Wednesday, March 25, 2009

A turnaround for North Atlantic Right Whales?

The North Atlantic Right Whale, one of the most critically endangered whale species on the planet, has been in the news of late on account of this New York Times story, which suggests things may finally be looking up for the 400 or so individuals still in existence. The right whale is regularly in the news here in Maine, on account of the controversial regulations imposed on lobster fishermen in an effort to reduce whale mortality.

I've written several pieces on the efforts to save the species, including this piece in the Christian Science Monitor, which described how President George W Bush's Office of Management and Budget was delaying rules aimed to reduce collisions between ships and right whales. (A watered-down rule change was subsequently enacted.) When whales become entangled in fishing gear -- another leading cause of death -- New Brunswick fisherman Mackie Greene is often called to rescue them, as described in another of my Monitor pieces.
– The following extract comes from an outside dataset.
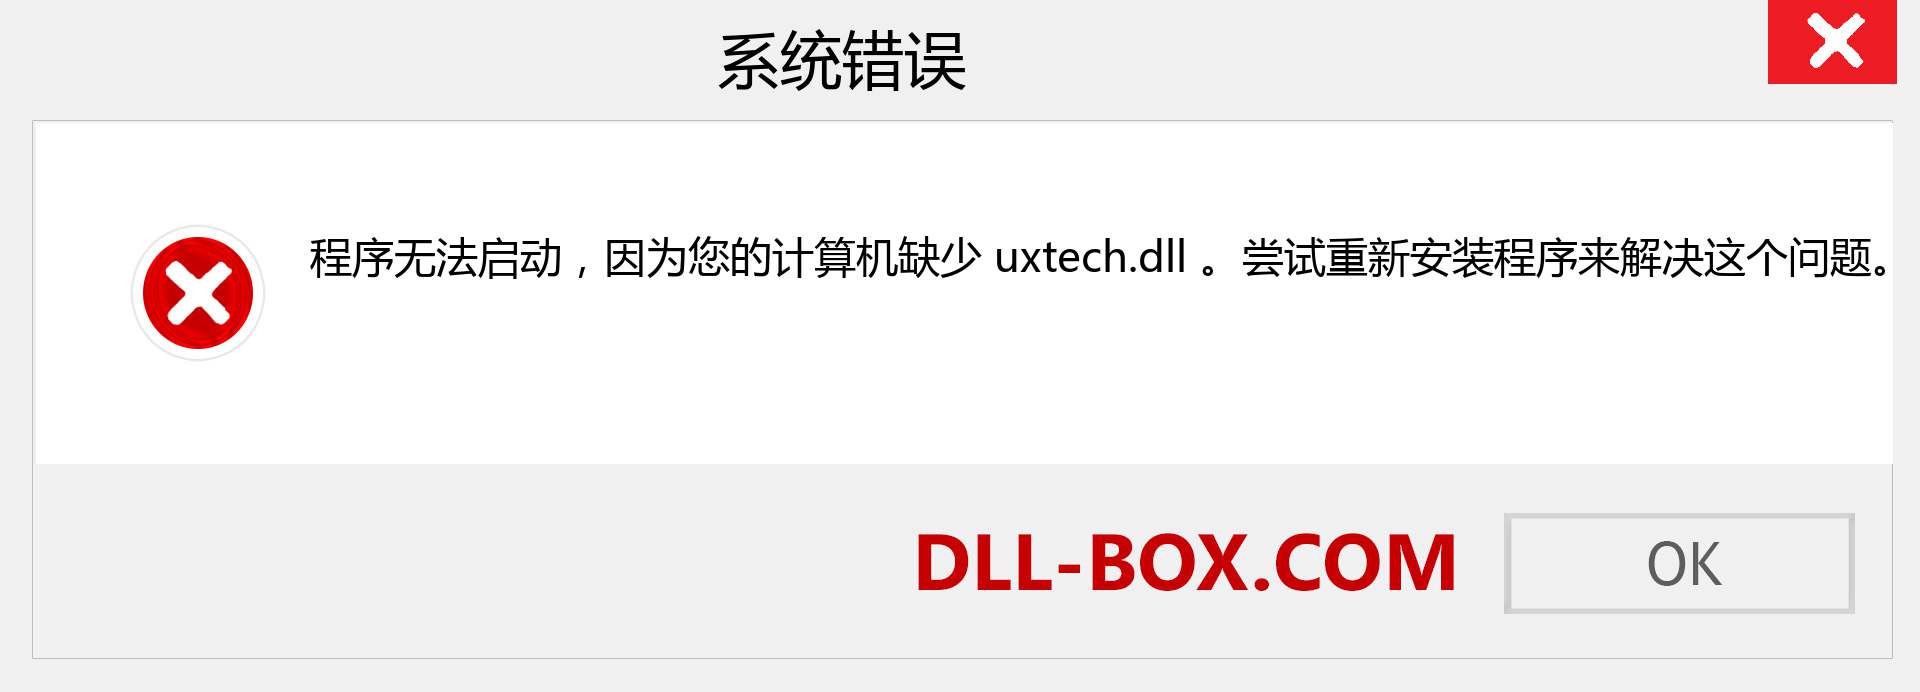 uxtech.dll 文件丢失？。 适用于 Windows 7、8、10 的下载 - 修复 Windows、照片、图像上的 uxtech dll 丢失错误
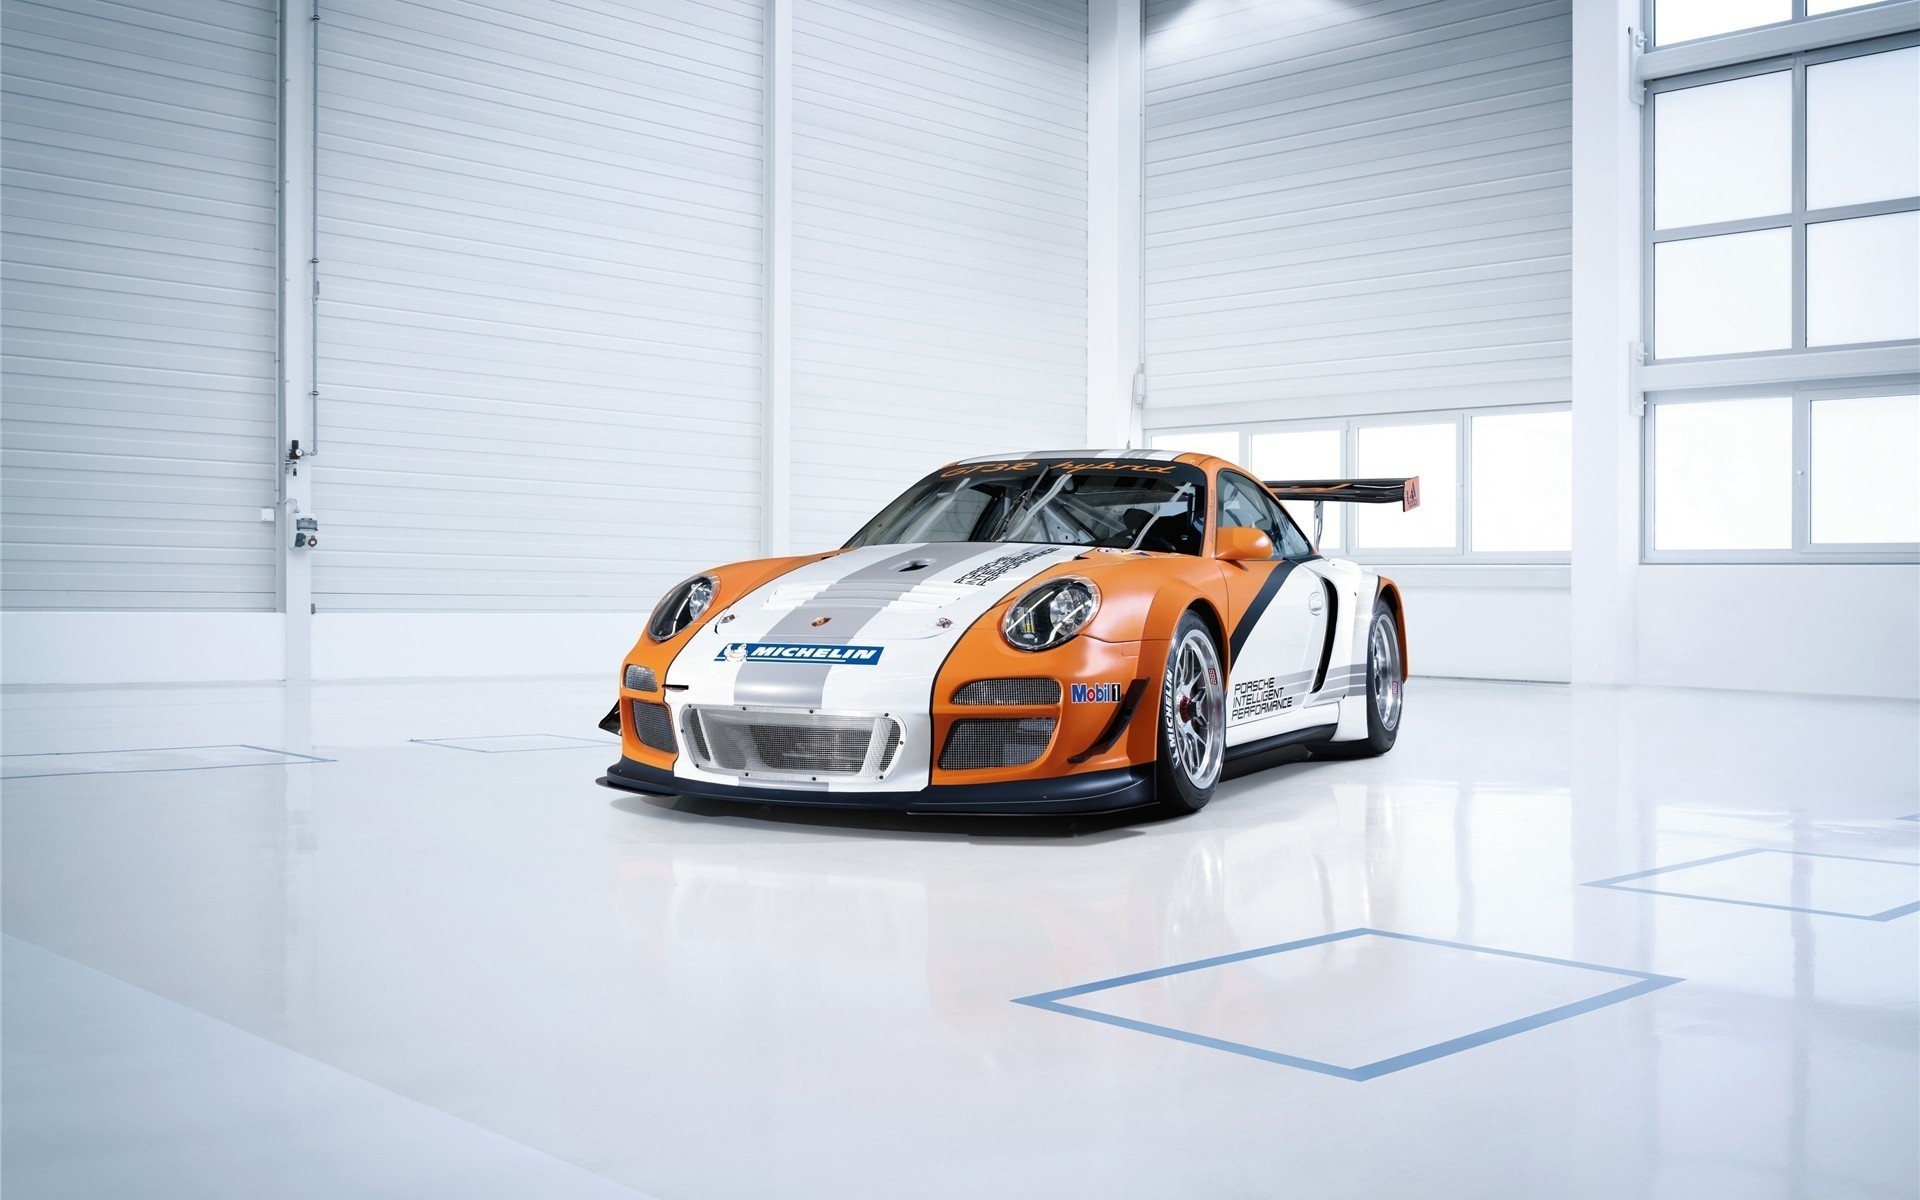 Porsche Race Car Garage Hd Wallpaper Cars Wallpaper Better

In early 2008, I wrote an in-depth feature on the scientists who study the whales for The Chronicle of Higher Education, which shows the problems the whales face, the likely causes, and the unusual bond that's formed between researchers and the individual whales they study and document. (The piece is available online, but non-subscribers may be prompted for a $10 web pass.)

But if you really want to know all there is to know about the species, pick up a copy of The Urban Whale, the definitive resource on the animal.